First, clone the pipeline repository to your local machine:

git clone https://github.com/IKIM-essen/ERMA.git
cd ERMA

Prepare Data Folder: You need to place your raw sequencing files (fastq.gz format) in the data/fastq/ directory or change this path to the desired directory.

Modify the Config File: Open the config/config.yaml file and change the base_dir parameter to the base directory where the pipeline is located. The most relevant parameters for the standard user are:

runname: "runname123"
min_similarity: "0.9" # threshold to filter blast hits by percentage identity
num_parts: 1 # number of subfiles the fastqs are split into (prevents crashing with very large input)
max_threads: 16 
seq_tech: "Illumina" # Put here "Illumina" or "ONT" according to used technology (only important for using rule prepare_fastqs)

Illumina input

Skip this when analyzing single-end or already merged paired-end reads.

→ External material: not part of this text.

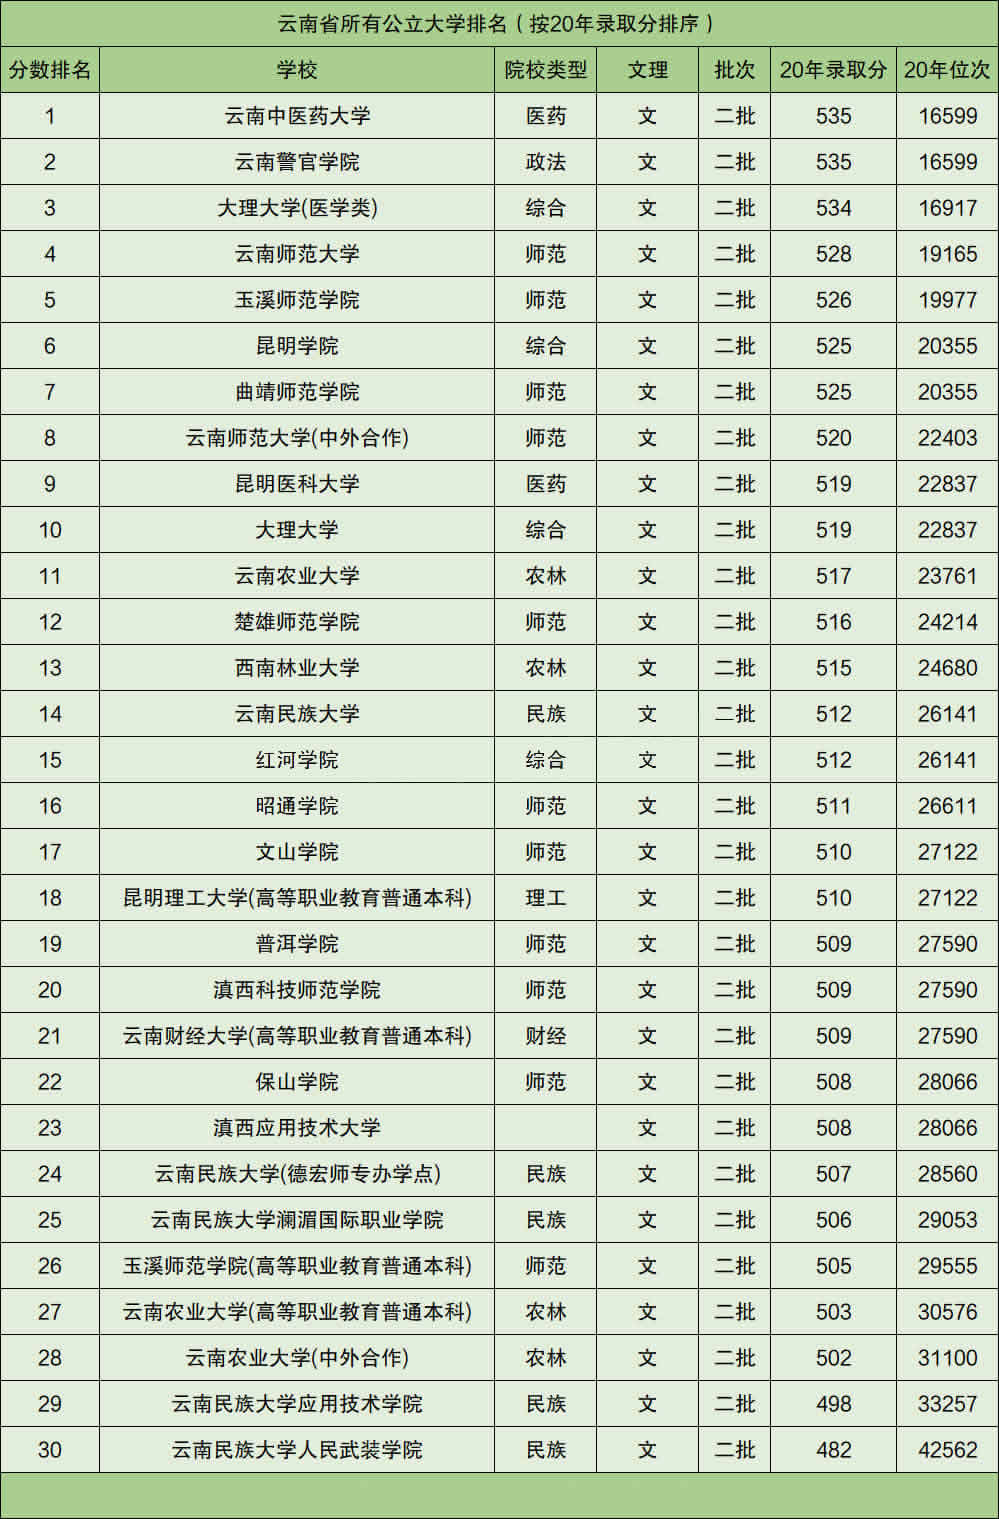 2、中国最贫困省份排名:中国最穷的省份是哪里.?
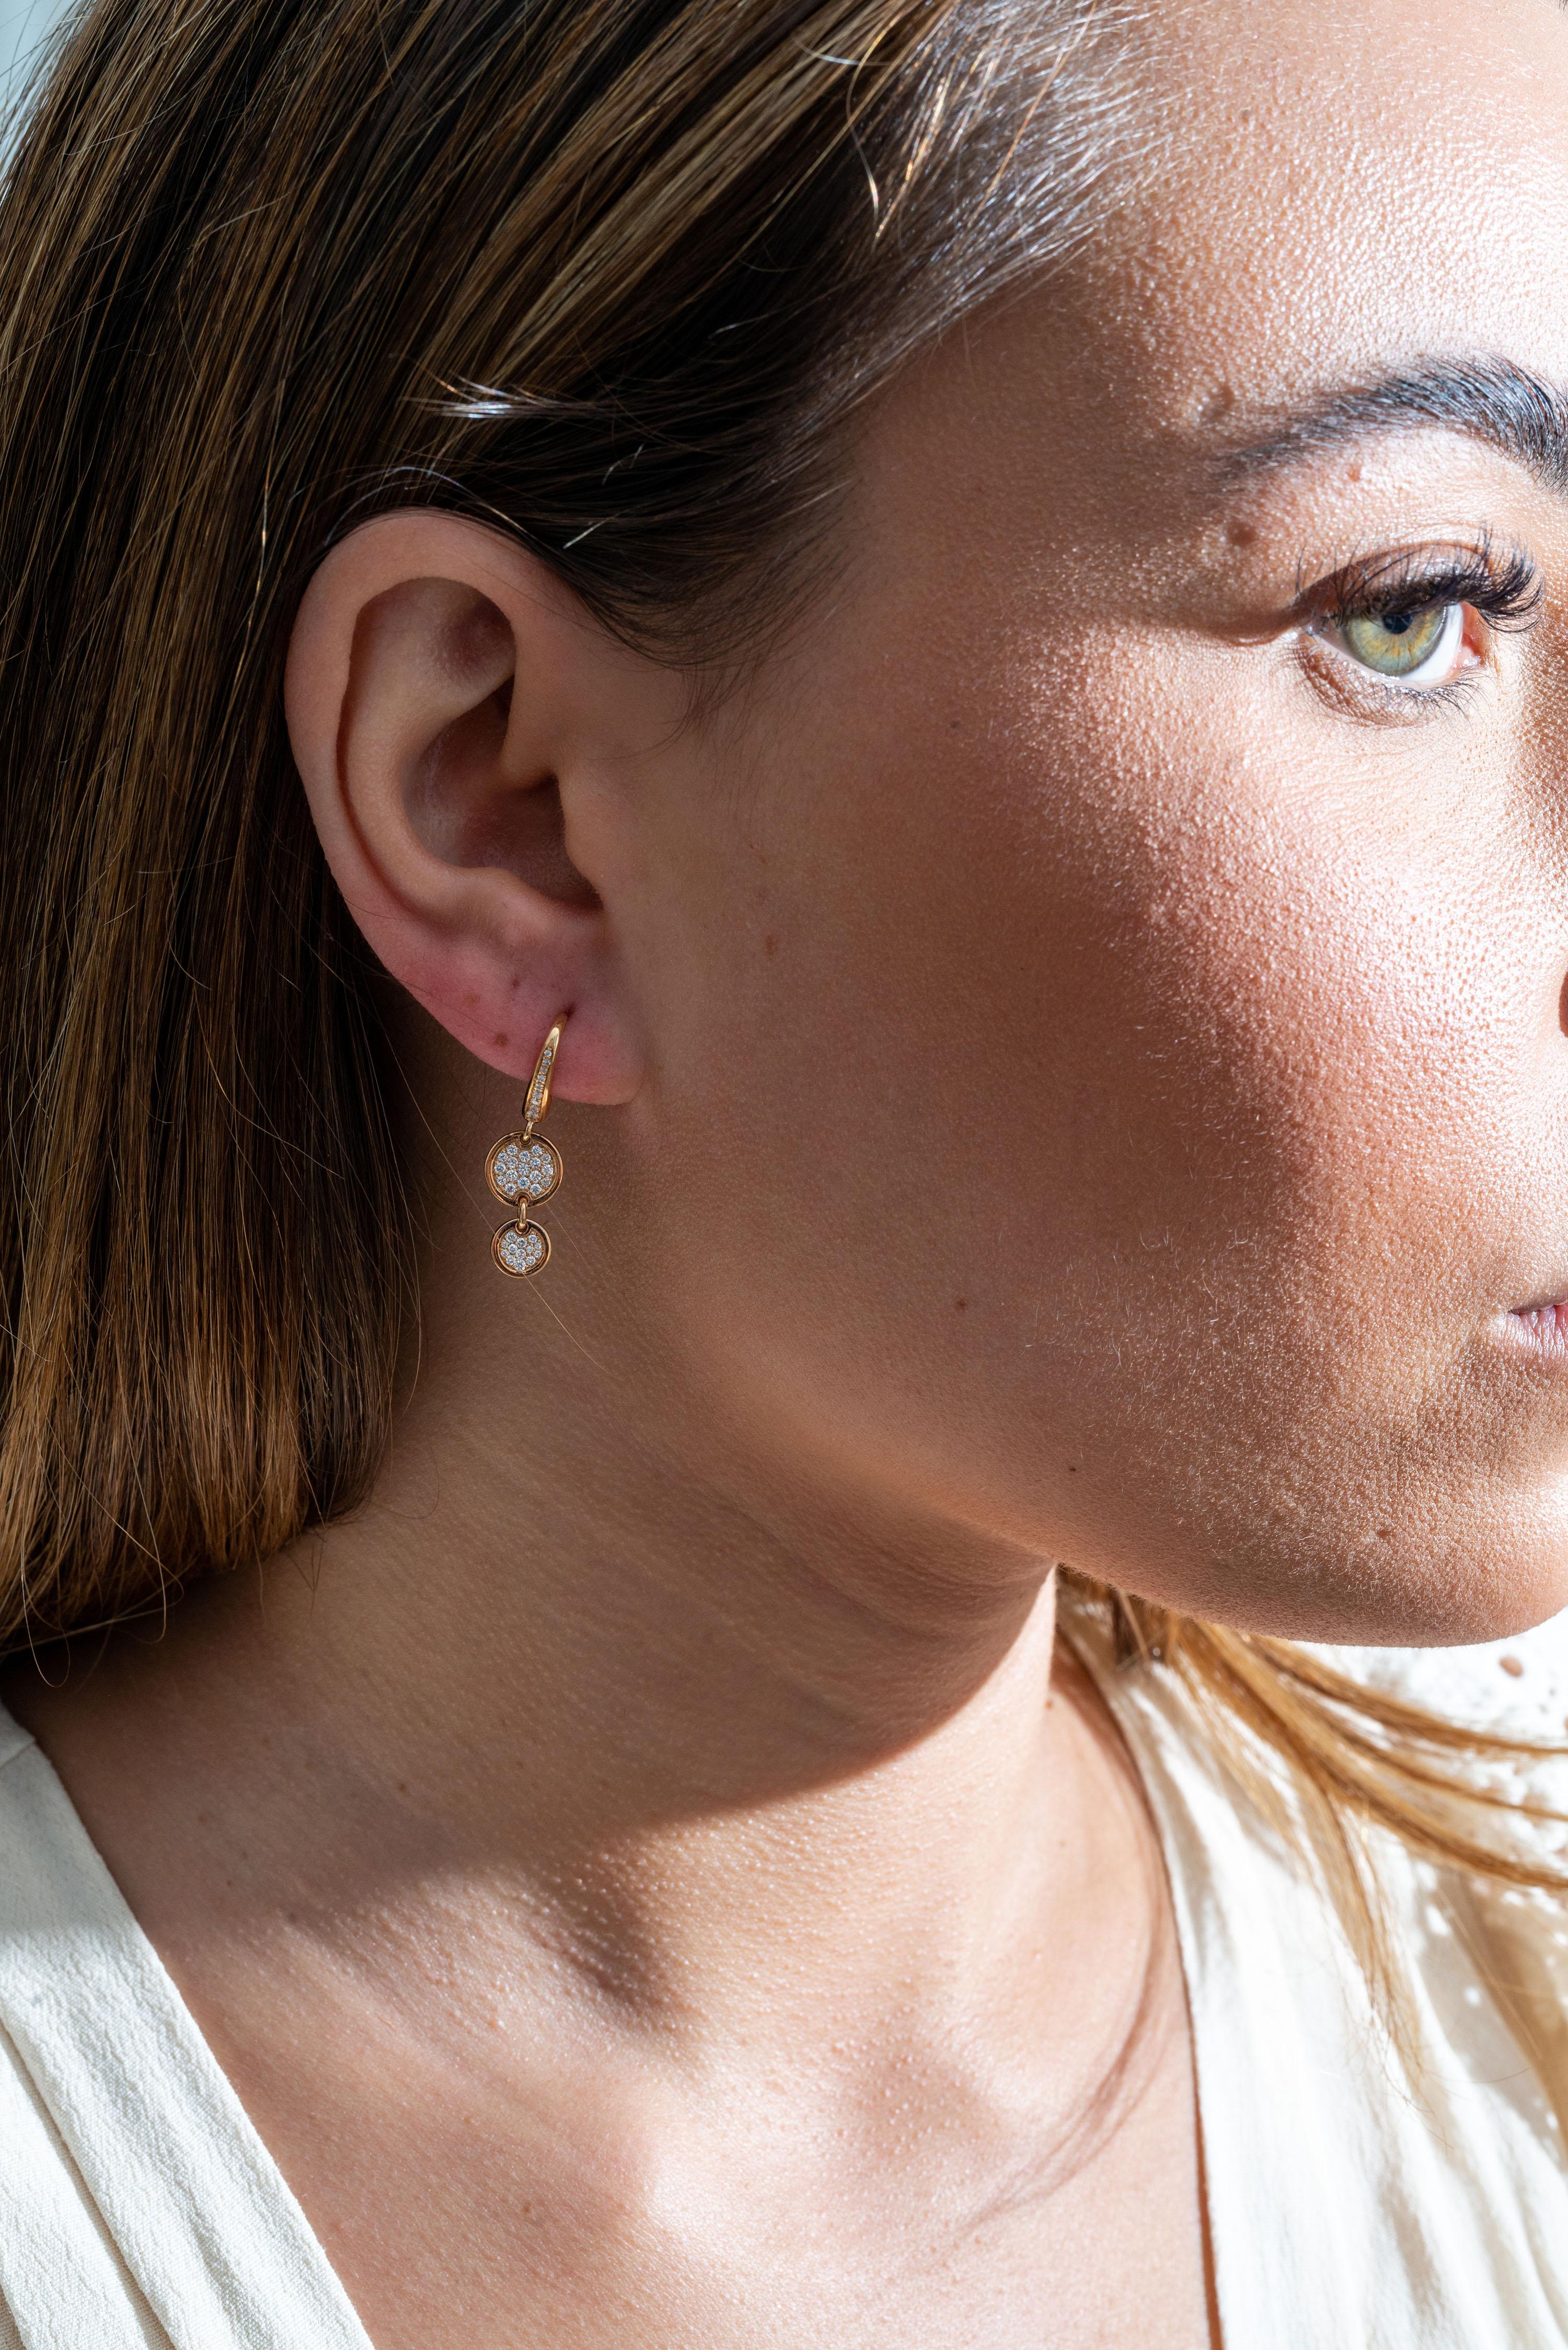 les boucles d'oreilles en or rose 18K sont de la collection Jackpot. Ces élégantes boucles d'oreilles sont composées de 2 cercles ornés chacun de diamants ronds incolores d'une valeur totale de 0,37 carat. Le poids total du métal est de 4,28 gr. Les

When analyzing paired-end reads, they must be merged before starting the pipeline. For this, ERMA provides a module. Follow the steps:

  1. Copy the to-be-merged paired-end fastq.gz files in data/fastq
  2. Set the seq_tech parameter to "Illumina" in config/config.yaml (if not already)
  3. Run from the ERMA root folder:
snakemake prepare_fastqs

This will execute a bash script with the essential step of merging R1 and R2 read with NGmerge

ONT input

Skip this when the input files are already in "one fastq.gz file per sample" - format.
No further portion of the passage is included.